RAW DATA Start Marker

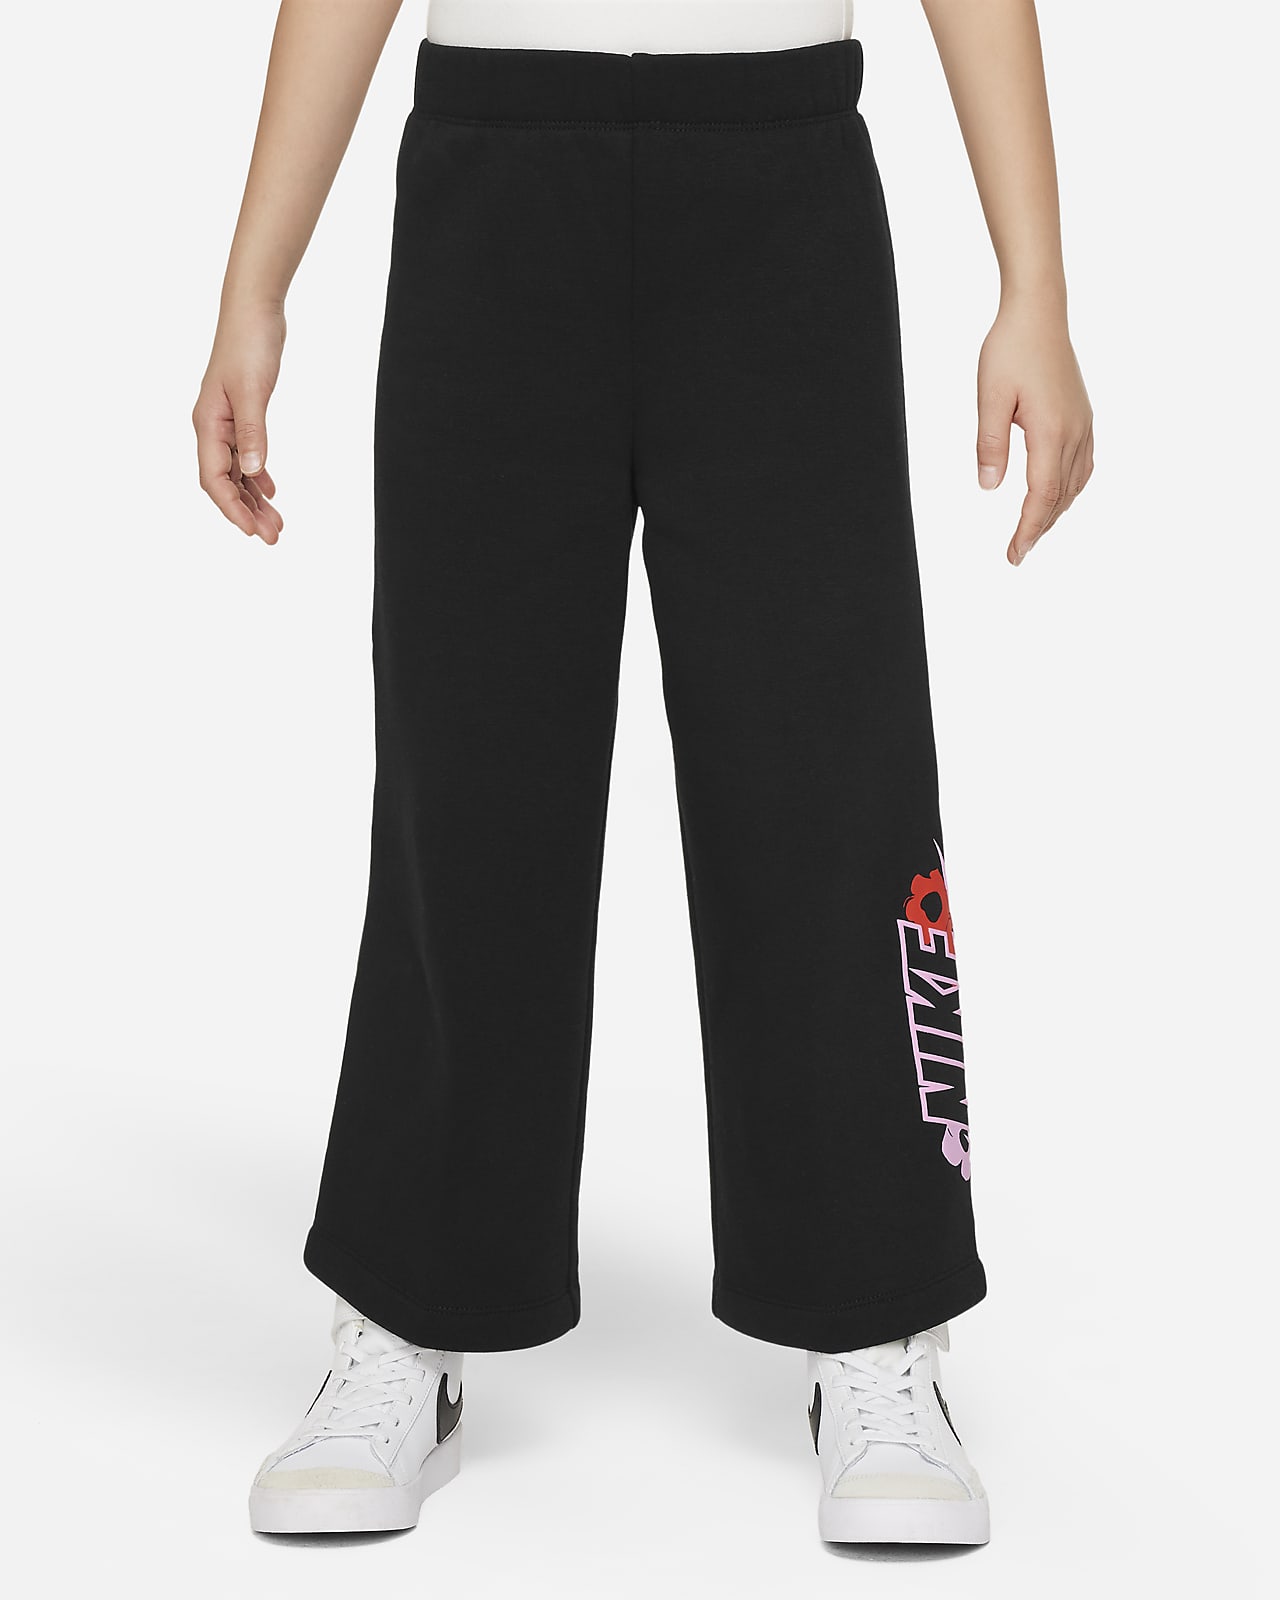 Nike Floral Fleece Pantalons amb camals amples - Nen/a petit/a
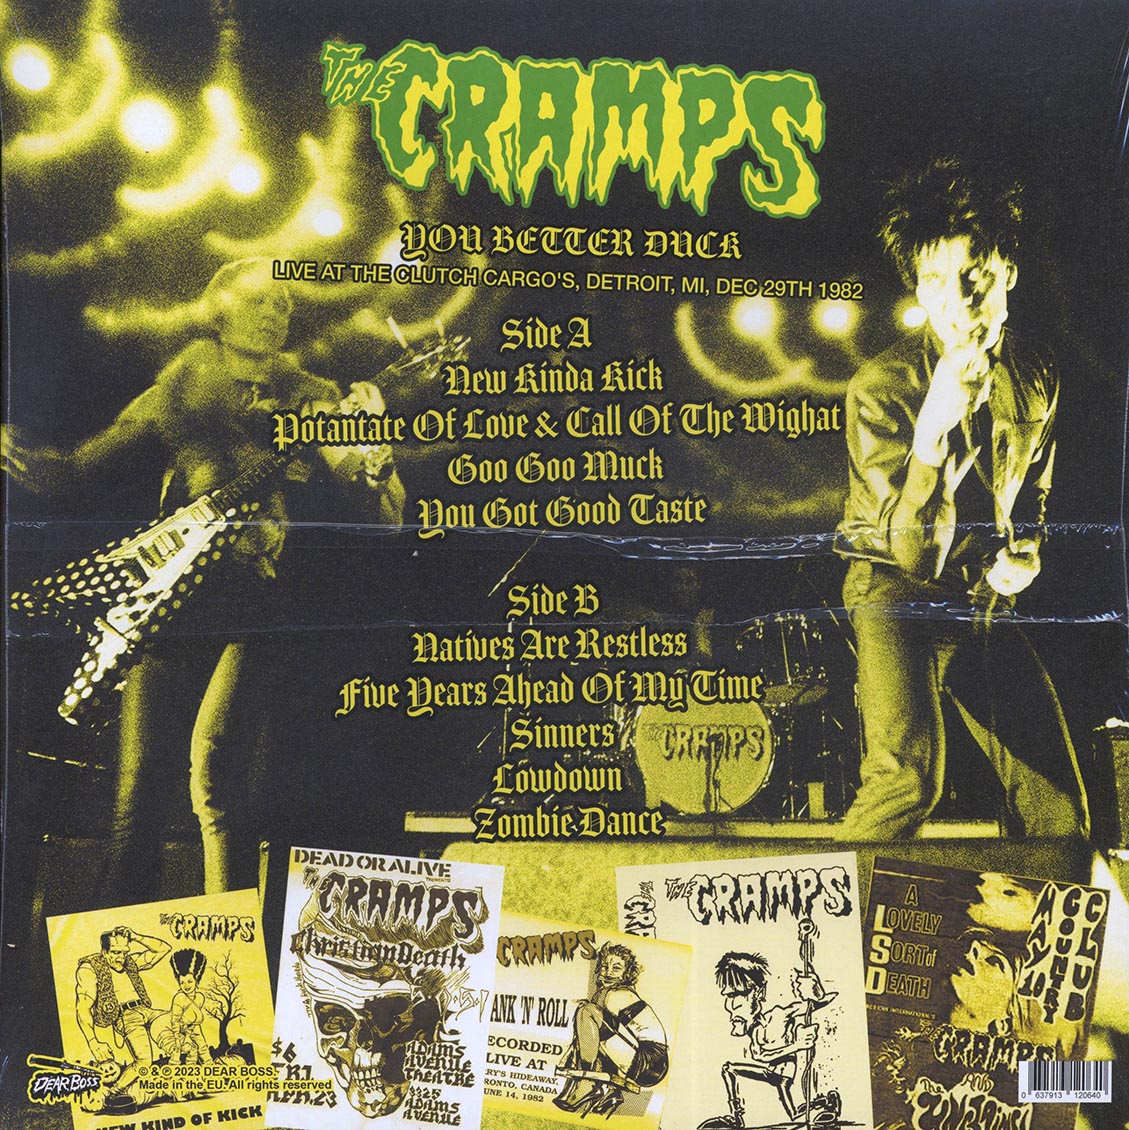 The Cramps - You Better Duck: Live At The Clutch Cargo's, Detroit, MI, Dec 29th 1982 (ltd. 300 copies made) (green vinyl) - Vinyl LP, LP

RAW DATA End Marker
RAW DATA Start Marker

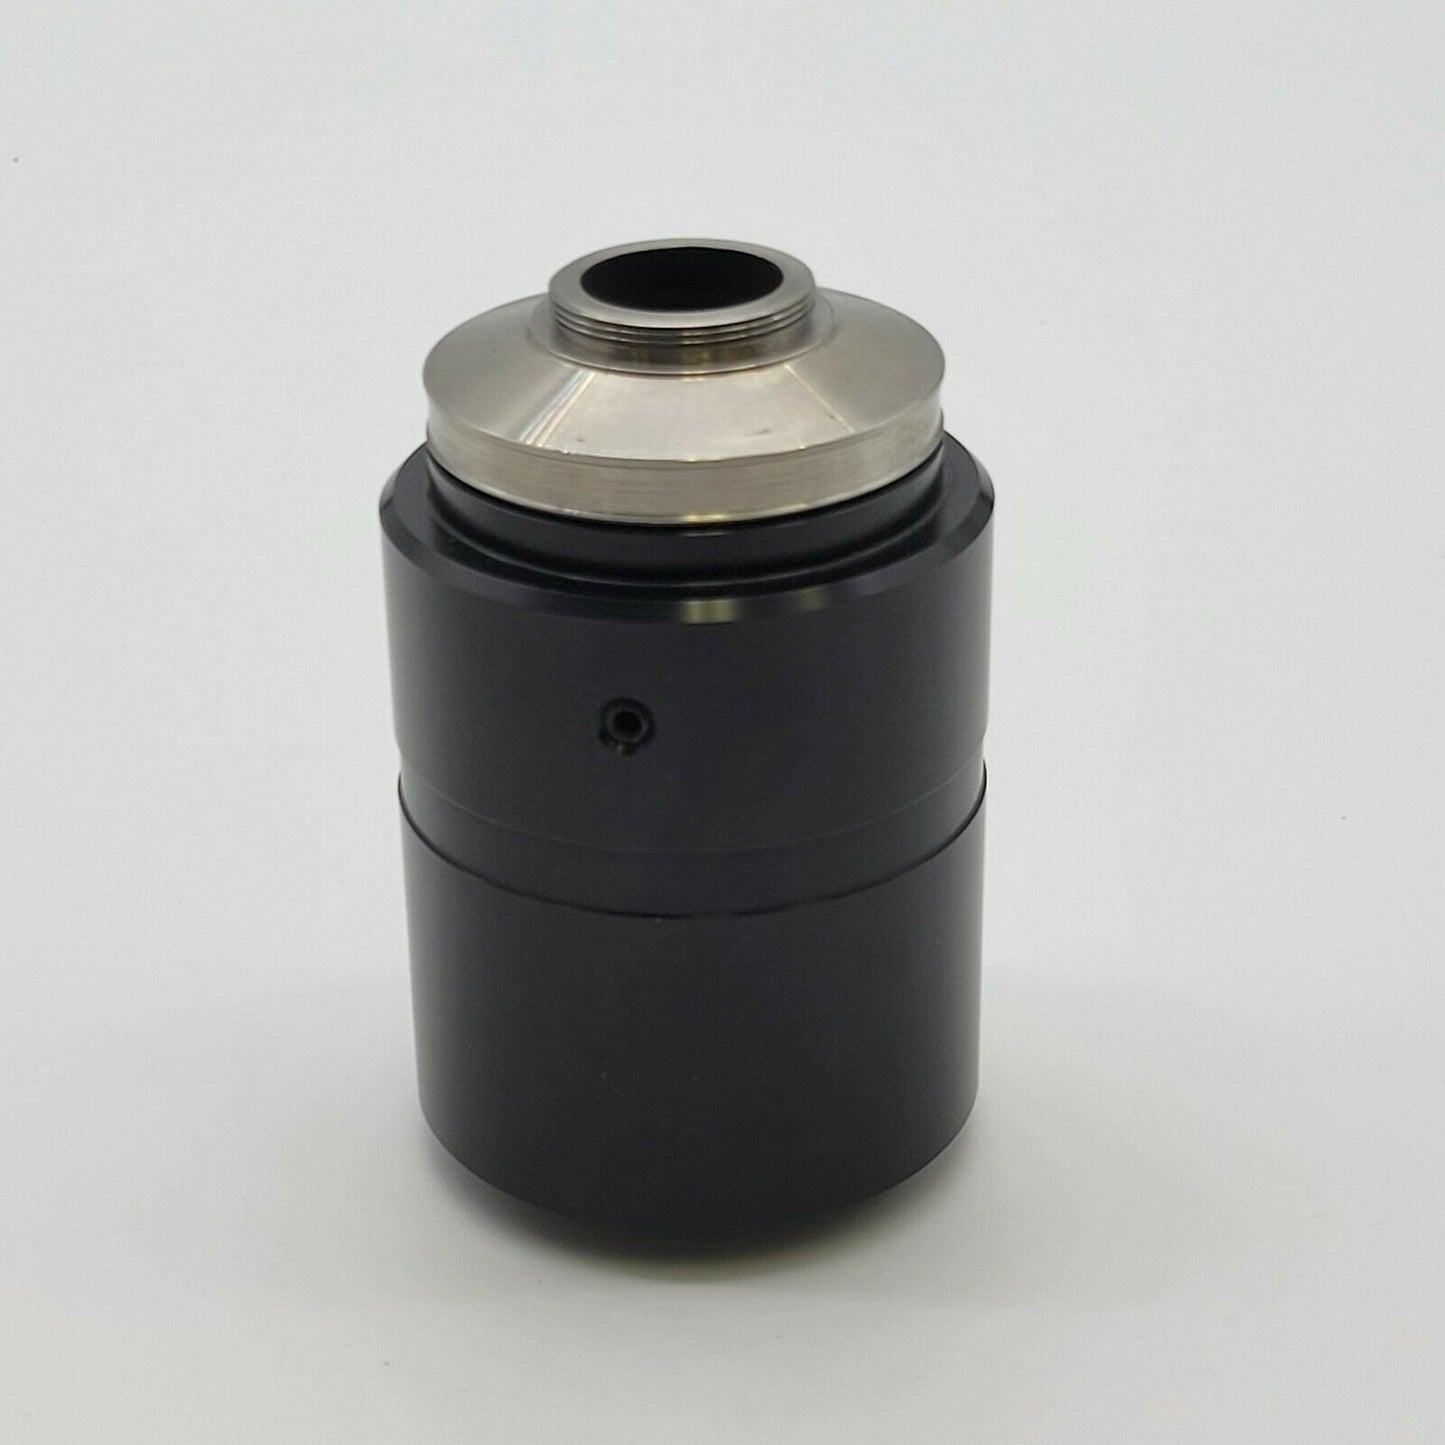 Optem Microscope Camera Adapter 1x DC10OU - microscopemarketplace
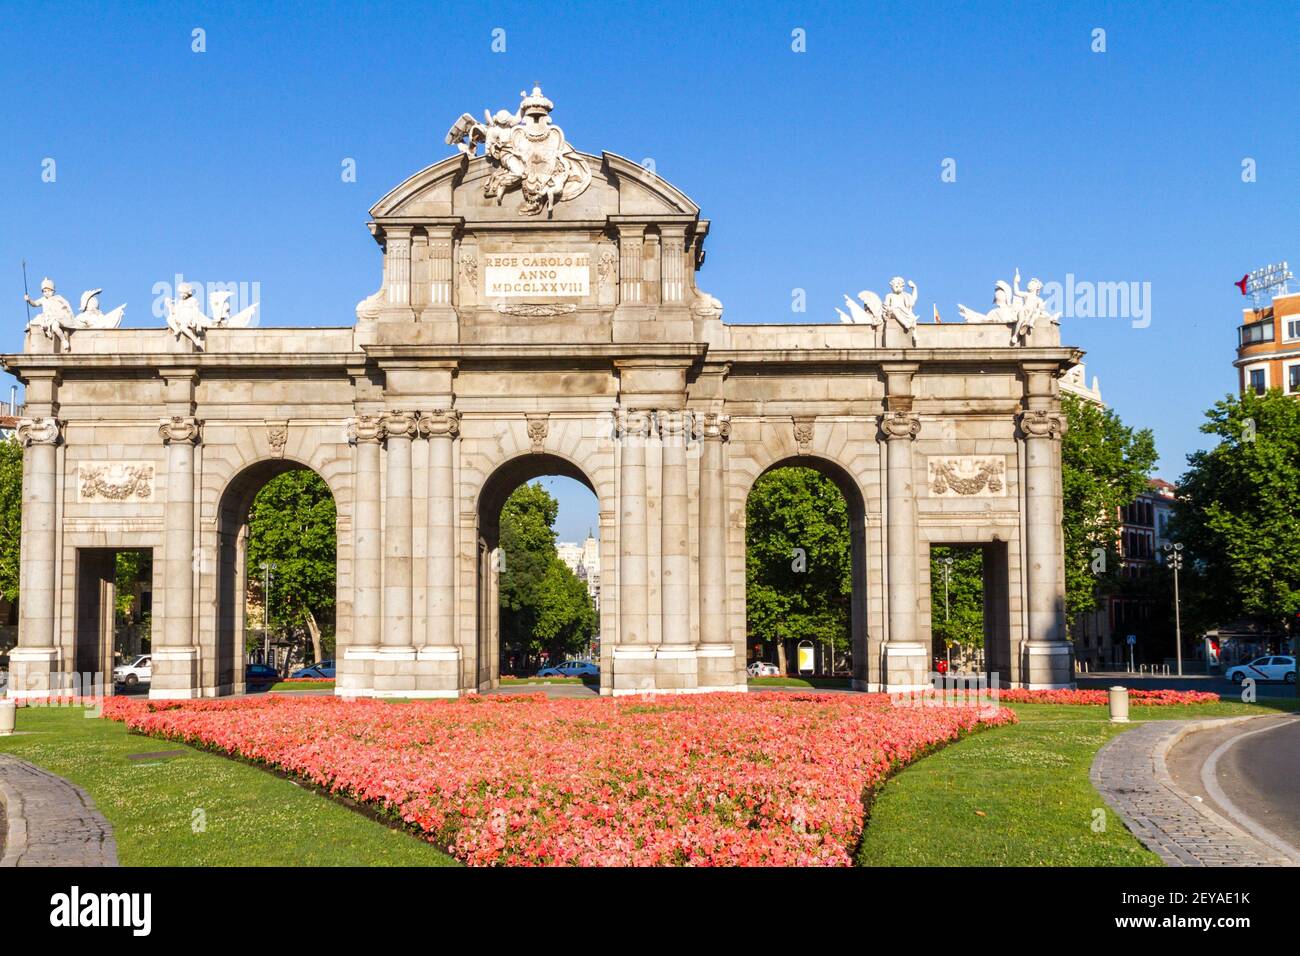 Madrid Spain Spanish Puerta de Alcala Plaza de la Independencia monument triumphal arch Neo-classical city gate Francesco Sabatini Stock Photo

RAW DATA End Marker

- **ABOUT THIS TASK**
Look above and copy only the lines from the one holding "Nike Floral Fleece" to the one holding "The Cramps - You", both included, exactly, minus the pictures.

- **TASK OUTPUT**
 Nike Floral Fleece Pantalons amb camals amples - Nen/a petit/a
 The Cramps - You Better Duck: Live At The Clutch Cargo's, Detroit, MI, Dec 29th 1982 (ltd. 300 copies made) (green vinyl) - Vinyl LP, LP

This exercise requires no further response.